While it’s understandable that the an adaptation of a novel as long as Harry Potter and the Half Blood Prince had to be compressed, it is utterly baffling why the threads of the novels which were played out in the movie were chosen while others were not.
Throughout the entire movie, I could hear the audience around me whispering their disappointment and puzzlement as one anticipated scene after another approached and unfolded entirely differently than expected. Gone are the scenes with the Dursleys, all of the puzzling over the identity of the “Half Blood Prince,” nearly all the Quiditch, every scene with Fleur, the action of the book’s final chapters, and Dumbledore’s funeral. In their place, the movie interjects sexual tension and awkward teenage moments in spades, in what feels like an attempt to transform the Half Blood Prince into a coming of age film.
The pity of it is that the novel the movie is based on was the strongest, most suspenseful entry in the novel series. Though it wasn’t the big finish, it contained many of the answers readers had been waiting for. The movie, on the other hand, offers very few explanations as to the plot of the series. This may have been done by design, seeing as how the vast majority of audience will already have read the novel before seeing the movie. Still, it’s distracting.
The cast of this film are outstanding. Returning members of the supporting cast give some of their best, if briefest, performances of the series. The newest additions characters – Fenrir Greyback, Professor Horace Slughorn, and Lavender Brown – are each pitch perfect in their roles. Jim Broadbent, in particular, repeatedly steals scenes in his role as the fusty and expressive Professor Slughorn.

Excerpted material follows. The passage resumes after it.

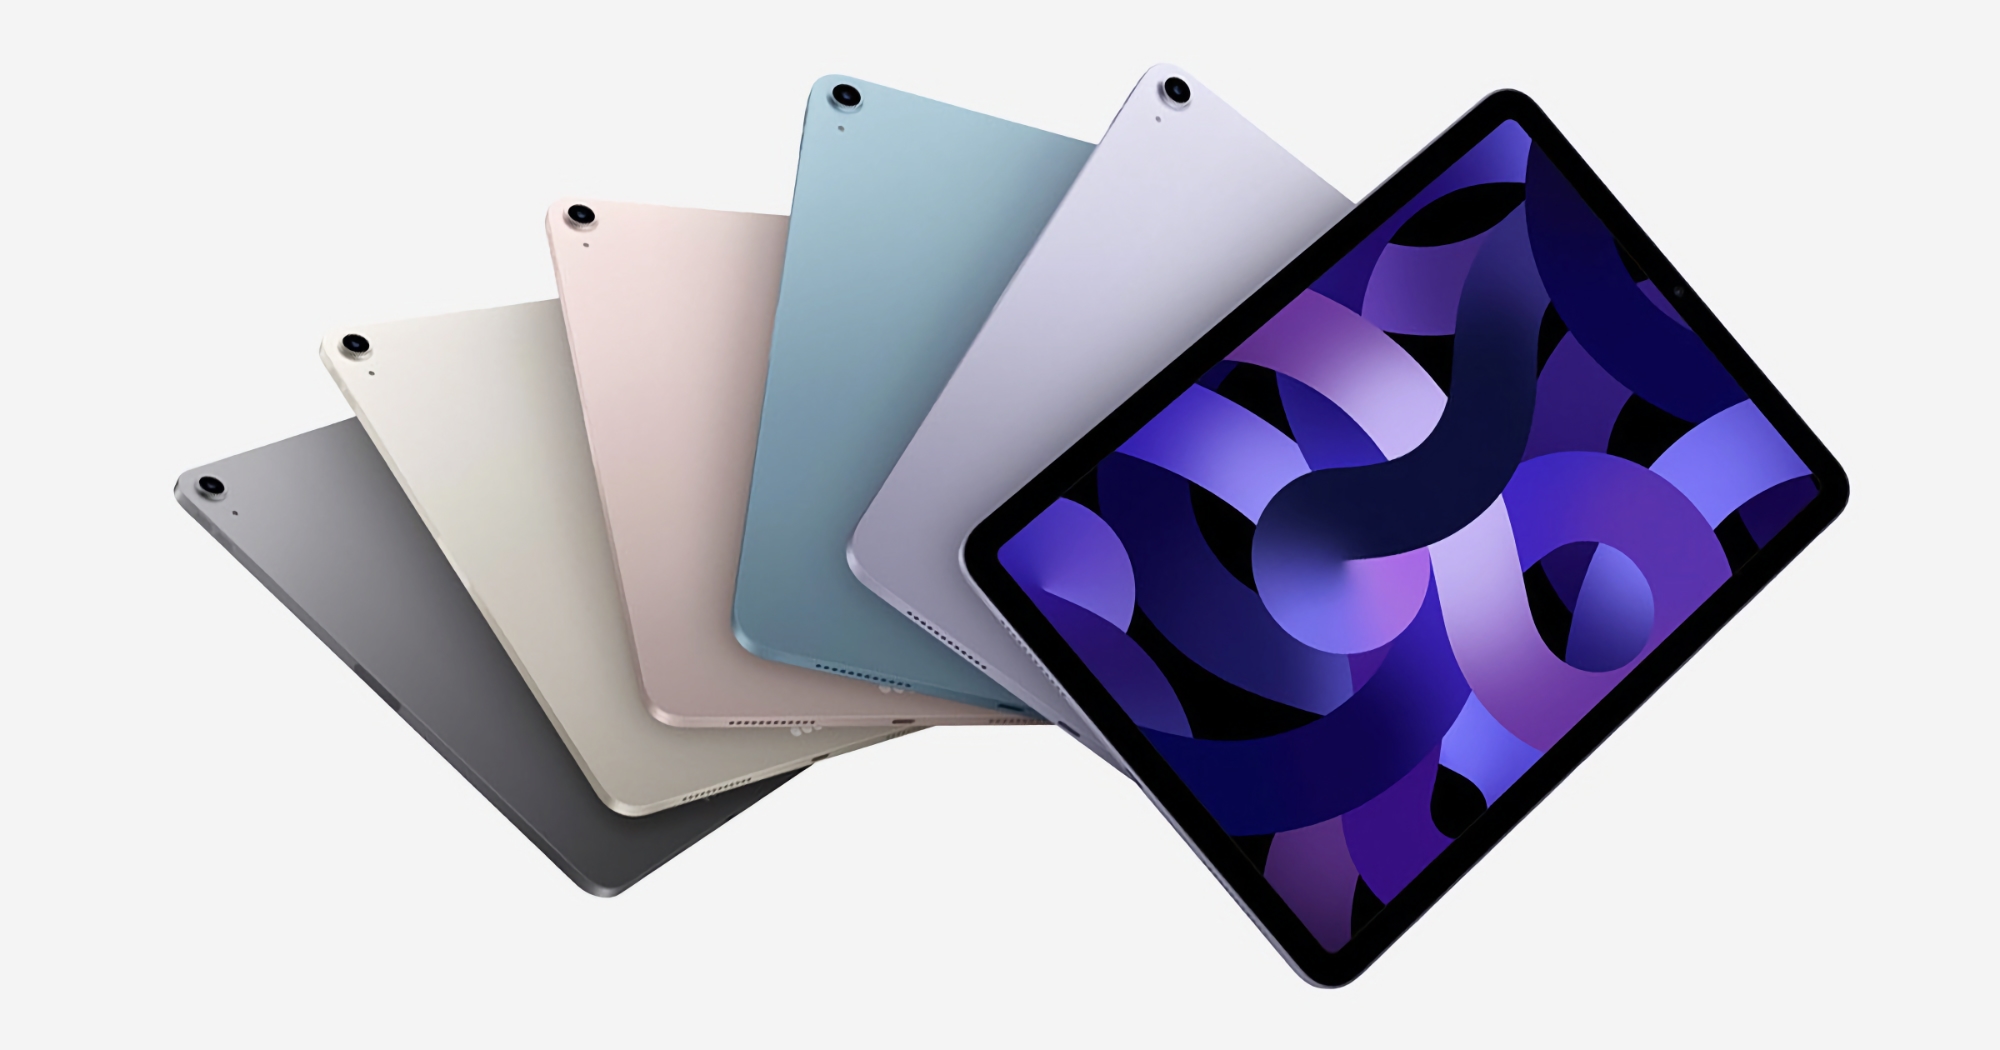 Oferta del día: iPad Air con chip M1 disponible con 100 dólares de descuento en Amazon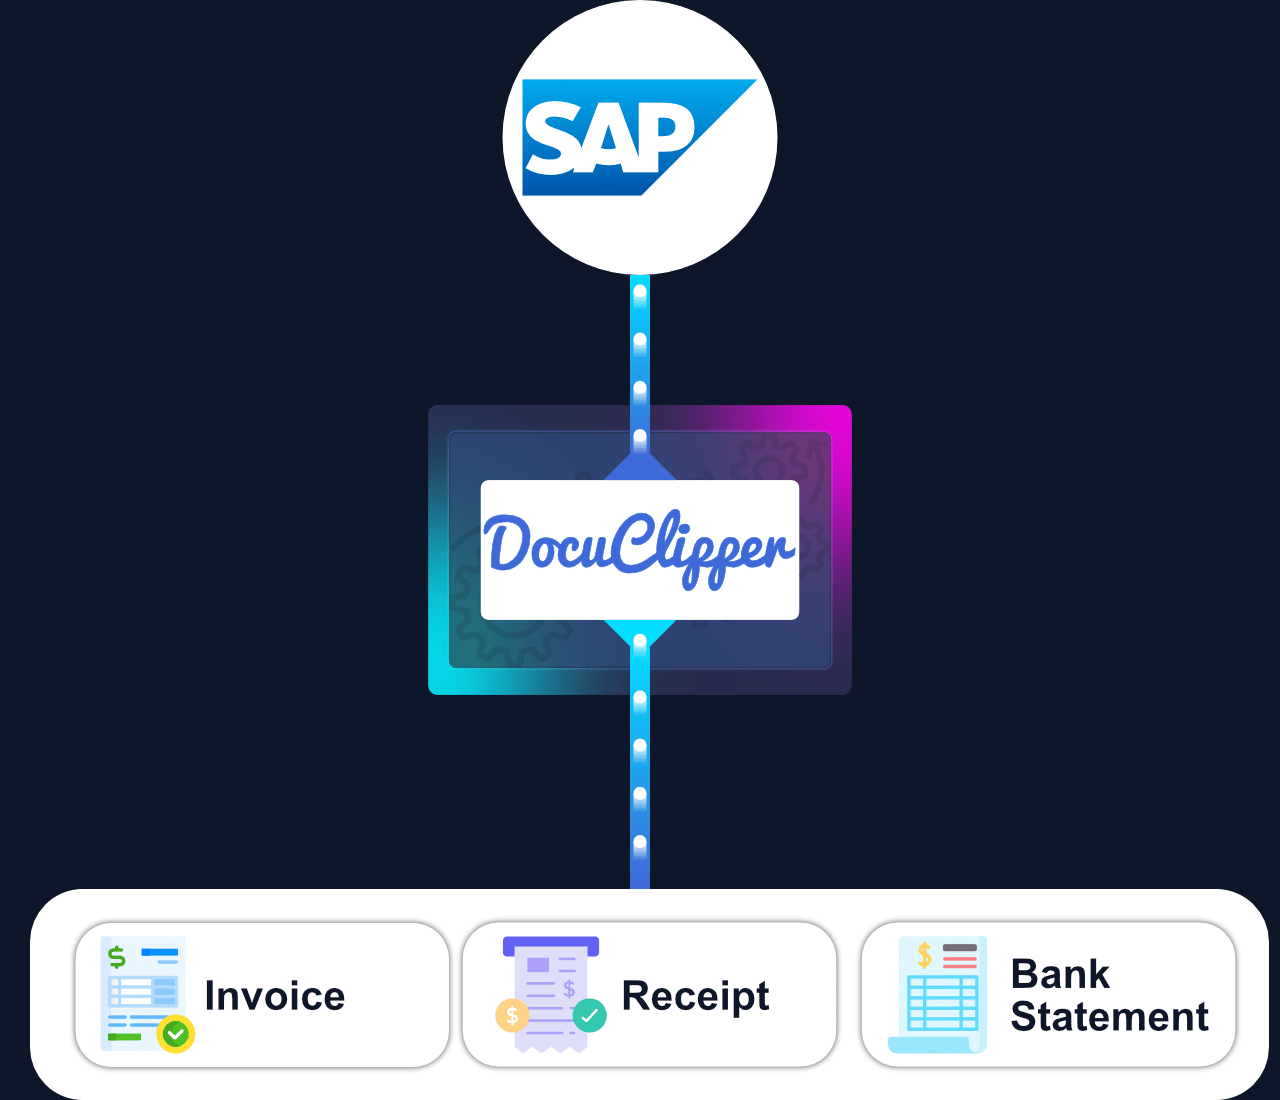 DocuClipper SAP OCR technology

Meanwhile, Radcliffe, Grint, and Watson shine like never before. Their rapid shifts between the newly emerged humor of this movie and the dark suspicion that has been a mainstay of the series finally allow the three young actors to demonstrate the full range of their acting abilities.
There were many stiff moments, but they feel more like good actors choking on badly written dialog than bad acting and they come infrequently enough not to ruin the flow of the film.
Amazing. Every scene of Harry Potter and the Half Blood Prince is a feast for eyes, from the iconic Warner Brothers production symbol, right through to the closing shot. Not only does the movie introduce new sets and settings, like Fred and George’s lively Diagon alley shop, it also makes drastic improvements on old favorites like the Weasleys’ Burrough.
The special effects are also superb. In the weeks running up to the movie’s premiere, there were countless news stories and promotional documentaries on the topic of the cutting edge technology behind the movie. It was a pleasant surprise to discover that all of the hype was well-deserved. Every aspect of the film was vibrant and seemless, from the characters’ spell to what was the first good Quiditch match of the series.
The final result is that not only is it the most visual of the Harry Potter films, it’s one of the richest fantasy films ever released.
Don’t miss seeing Harry Potter and the Half Blood Prince in theaters. It’s value as an adaptation may be virtually nil, but it’s entertainment value is off the charts. So, buy a ticket, try to forget you ever read the novel, and enjoy.